A dictionary where the keys are the first word that would be searched, the values are nested dicts of the same form as the input, i.e. searchable-canonical pairs.

lib.ner_lists.fuzzy_permutative_finder.remove_overlap(entities, sentence_length)
Parameters:
  • entities (List[Entity]) – The found entities by the permutative searching.

  • sentence_length (int) – The length of the sentence in which the entities occur.

Return type:

List[Entity]

Returns:

A trimmed list of found entities where overlapping results are discarded.

lib.ner_lists.get_searchable_words module

class lib.ner_lists.get_searchable_words.GetWords(**kwargs)

Bases: object

Abstract base class for the GetWordsNer and GetWordsBert classes

abstract __call__(sentences)
abstract __init__(**kwargs)
classmethod from_string(getter_name)
Parameters:

getter_name (str) – Name of the derived class, either “NER” or “BERT”

Returns:

The uninstantiated class of the desired kind.

class lib.ner_lists.get_searchable_words.GetWordsBert(entity_type, **kwargs)

Bases: lib.ner_lists.get_searchable_words.GetWords

__call__(sentences)
Parameters:

sentences – list of lists.

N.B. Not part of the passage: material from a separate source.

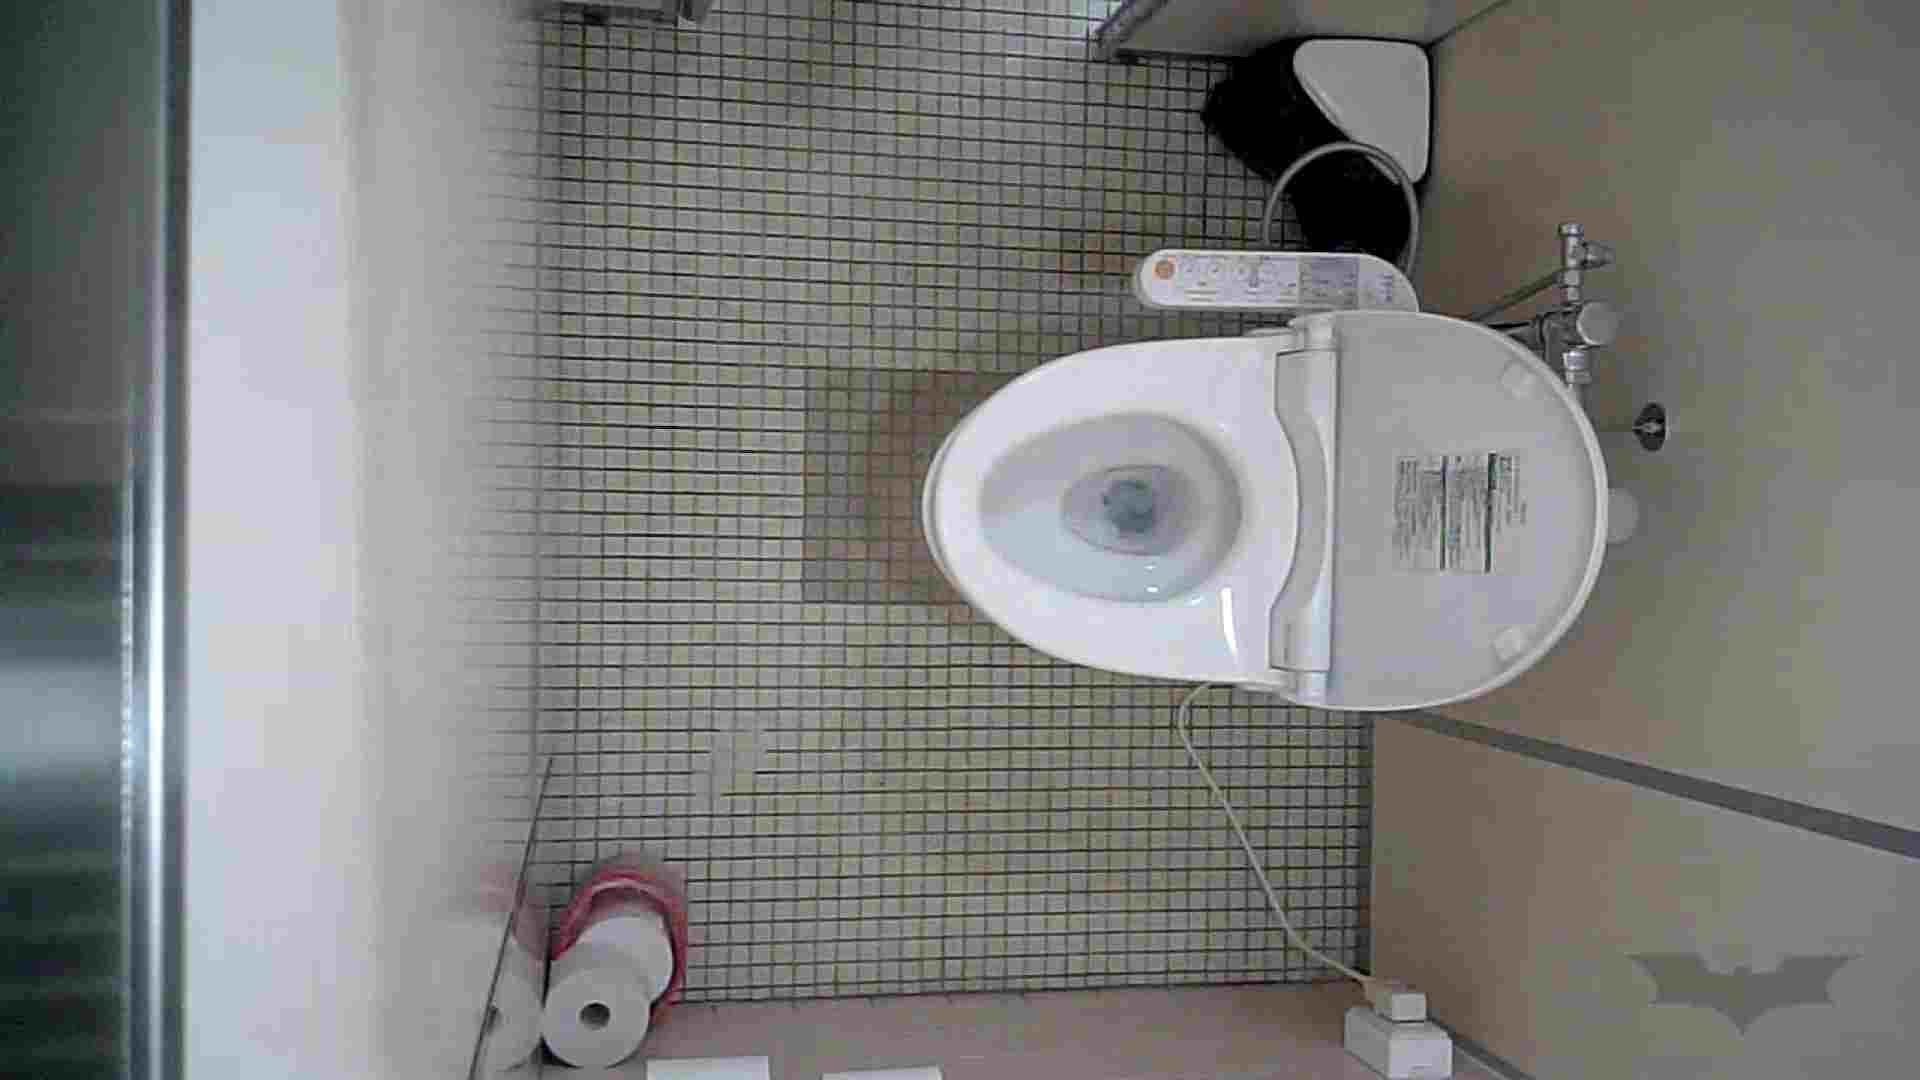 アダルトエロ動画|有名大学女性洗面所 vol.41 素敵なオシリとお顔がいっぱい。抜き過ぎ注意報!|怪盗ジョーカー

Each element is a dict that represents a word. The intermediate level lists represent a sentence each. spaces and comma’s are still considered words at this level

Returns:

found_entities. A list of lists. Each intermediate list represents a BERT-found entity of type self.type_of_list (e.g. a location)

__init__(entity_type, **kwargs)
Parameters:
  • entity_type – The type of entity (e.g. location or person) which should be searched.

  • kwargs – any additional key-word arguments are passed to GetWords

class lib.ner_lists.get_searchable_words.GetWordsNer(**kwargs)

Bases: lib.ner_lists.get_searchable_words.GetWords

__call__(sentences)
Returns:

A list of lists, where the inner lists contain all words that have word[‘ner’] == True for a sentence.

__init__(**kwargs)
Parameters:

kwargs – any additional key-word arguments are passed to GetWords

lib.ner_lists.ner_lists module

class lib.ner_lists.ner_lists.NerLists(data_dir, word_getter, cutoff_score, entity_types)

Bases: object

Find entities by comparing words with lists

__call__(sentences)
Parameters:

sentences (List[List[Dict]]) – List of lists of words

Returns:

The same sentences, adorned with information found in various types of lists.

__init__(data_dir, word_getter, cutoff_score, entity_types)
Parameters:
  • data_dir (Union[List[str], str]) – Path of the lists, given as either a string or a list of strings, is processed using os.path.join.

  • word_getter (str) – Indicates how the words to be searched through are achieved. Currently only “NER” and “BERT” are supported.

  • cutoff_score (float) – The cut-off score below which matches will not be returned.

  • entity_types (List[str]) – Which entity types to search for, e.g. [“person”, “location”].

static prefill_empty_labels(sentences)
Parameters:

sentences (List[List[Dict]]) – List of lists of words

Returns:

None, the word dicts are modified by adding the “labels” key, if the word has “ner” set to True.